第21話≒0話ー④ 復讐するは我にあり



 帝国暦五七八年一二月二五日

 ゲフェングニス382星系

 惑星ピラティス 第八収容所


 話は、まだ永田が特別徴税局に来て間もない頃まで遡る。


「ミレーヌ・ラフィット……まさか辺境の大海賊が、こんな美人さんだとはねえ」


 永田は面会者用のブースで、ガラスの向こうに座る女性をしげしげと眺めていた。


「要件はなに? あなたは死刑囚のルポライターでもやってるの?」


 ミレーヌ・ラフィット。辺境の海賊船団の長は正体不明の男に不審の目を向けている。


「いやいや、そうじゃない。僕は国税省特徴局、局長の永田です」

「ああ、帝国の徴税の狗って噂されるヤツね。最近活動を再開したとか聞いたけど……」

「そうそう、その犬っころの親玉ってわけ。ところでさ、ラフィットさんこのままだと死刑が確定してるじゃない」

「言われなくても分かってる! これでいいのよ。部下は無事だし……」


 永田としてはそれでは困るのだった。今、彼がここに来ているのは彼女を特別徴税局に迎え入れたい、という目論見があるからだ。

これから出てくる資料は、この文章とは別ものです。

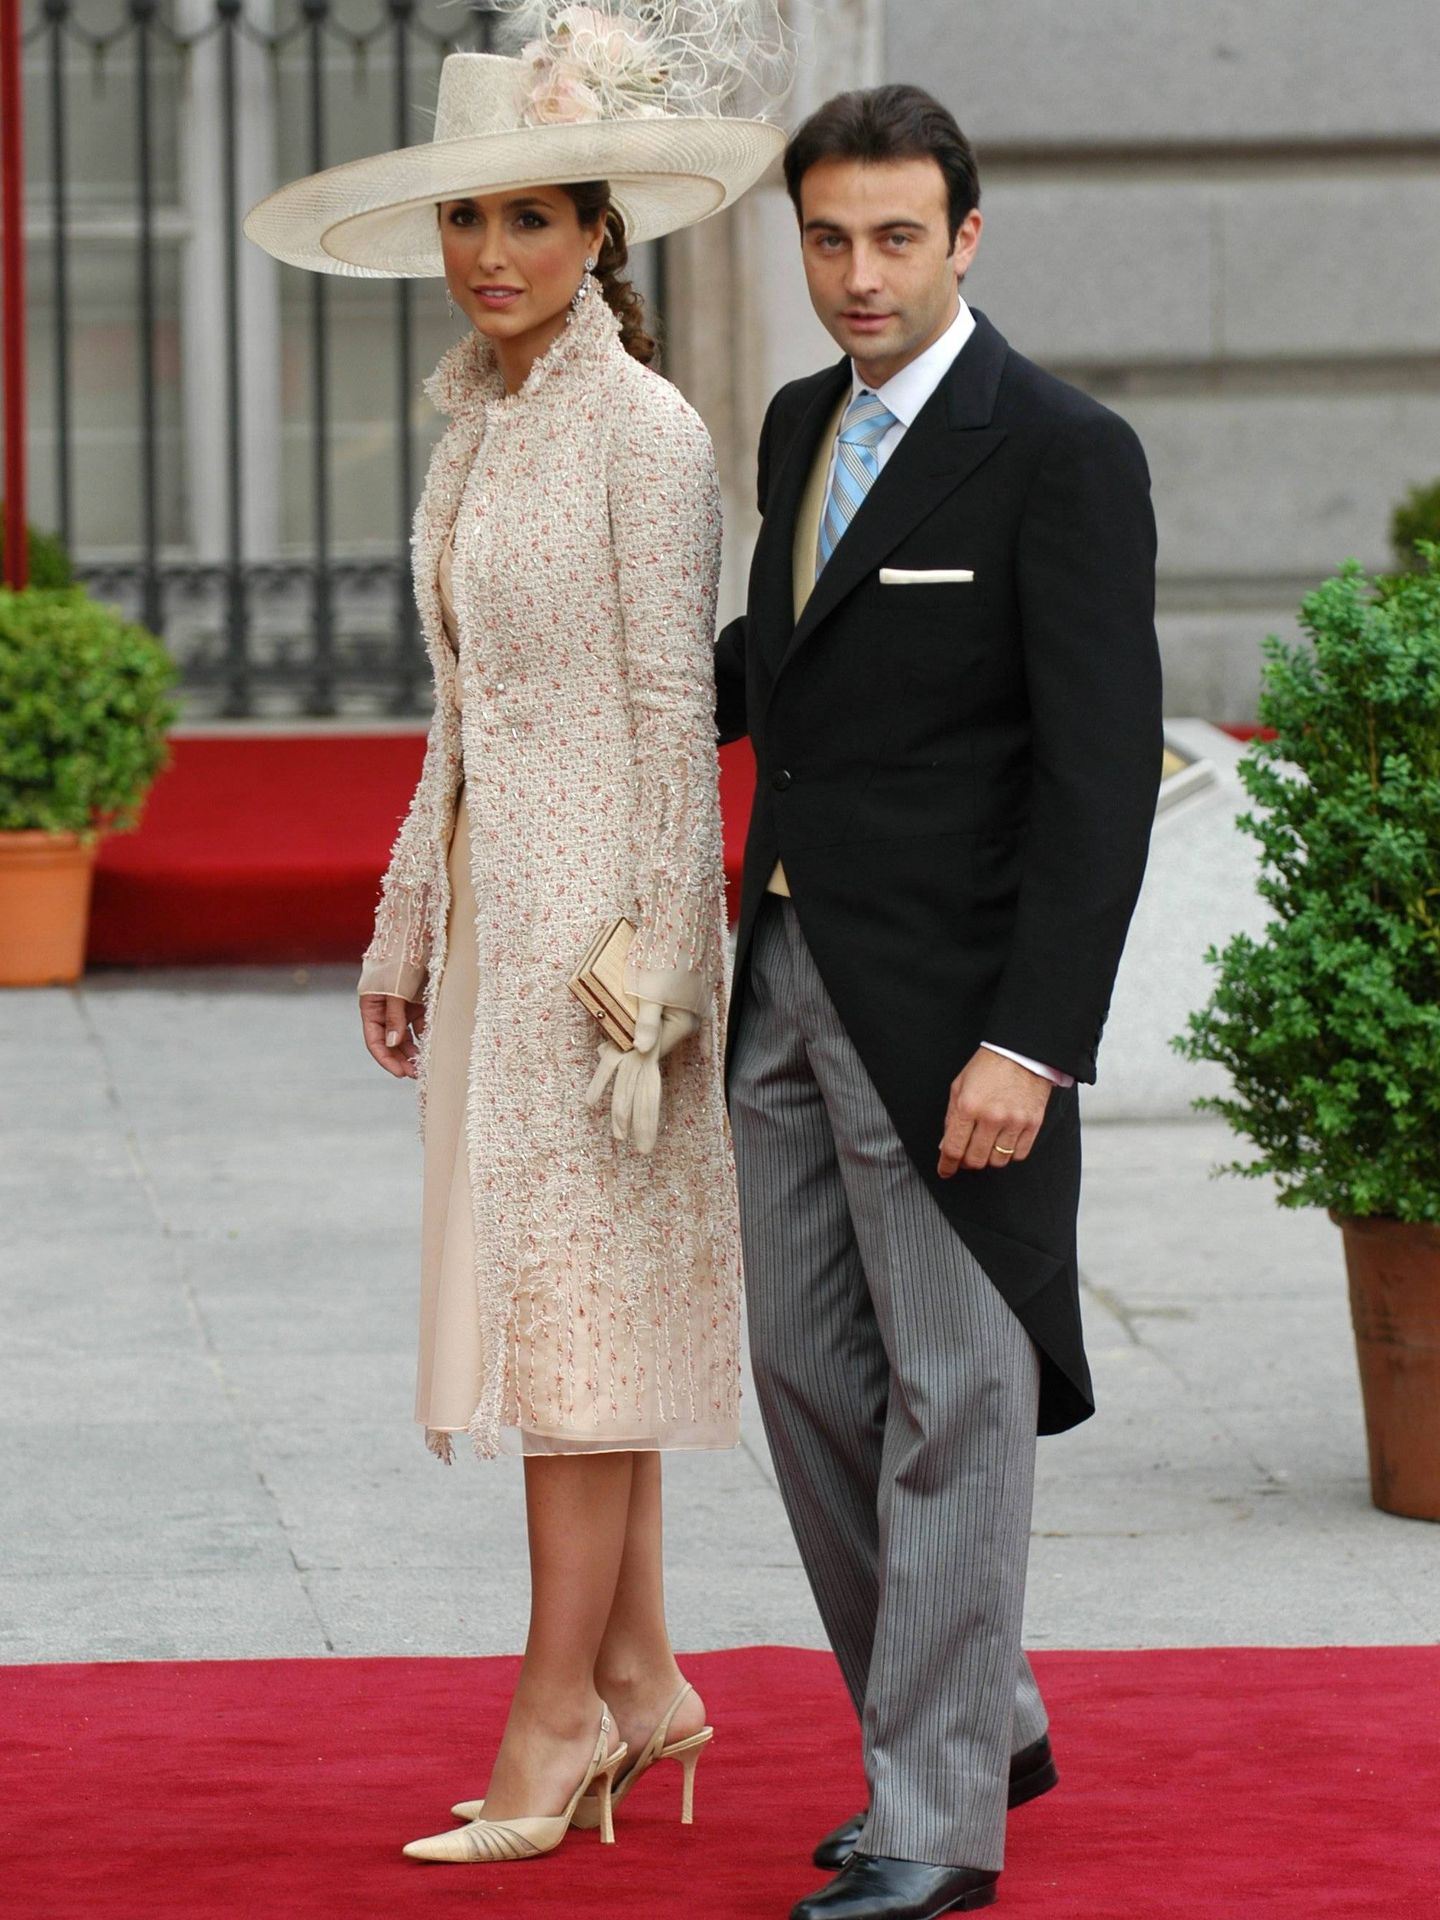 Paloma Cuevas y Enrique Ponce, en la boda de los Príncipes de Asturias. (Cordon Press)

「……これは取引なんだけどさ、僕の仲間になってくれない?」

「はあ? ダメに決まってるでしょ」

「えー」


 まるで初等学校の男子を窘めるかのようなミレーヌの軽い返答に、これまた永田は初等学校の男子のように不満の声を漏らした。


「……どうも調子狂うわね。あなた仮にも公僕の立場で、海賊にでもなろうっての?」

「まあ、似たようなことをしたいなあと将来的に考えててね。特別徴税局はそのための道具だ」


 それまでの正体不明の中年男の影が一瞬消え、腹に一物抱えた野心家の姿を見たミレーヌは、態度を改めることにした。少なくとも、もう少し話を聞いてから判断してもいいという気になった。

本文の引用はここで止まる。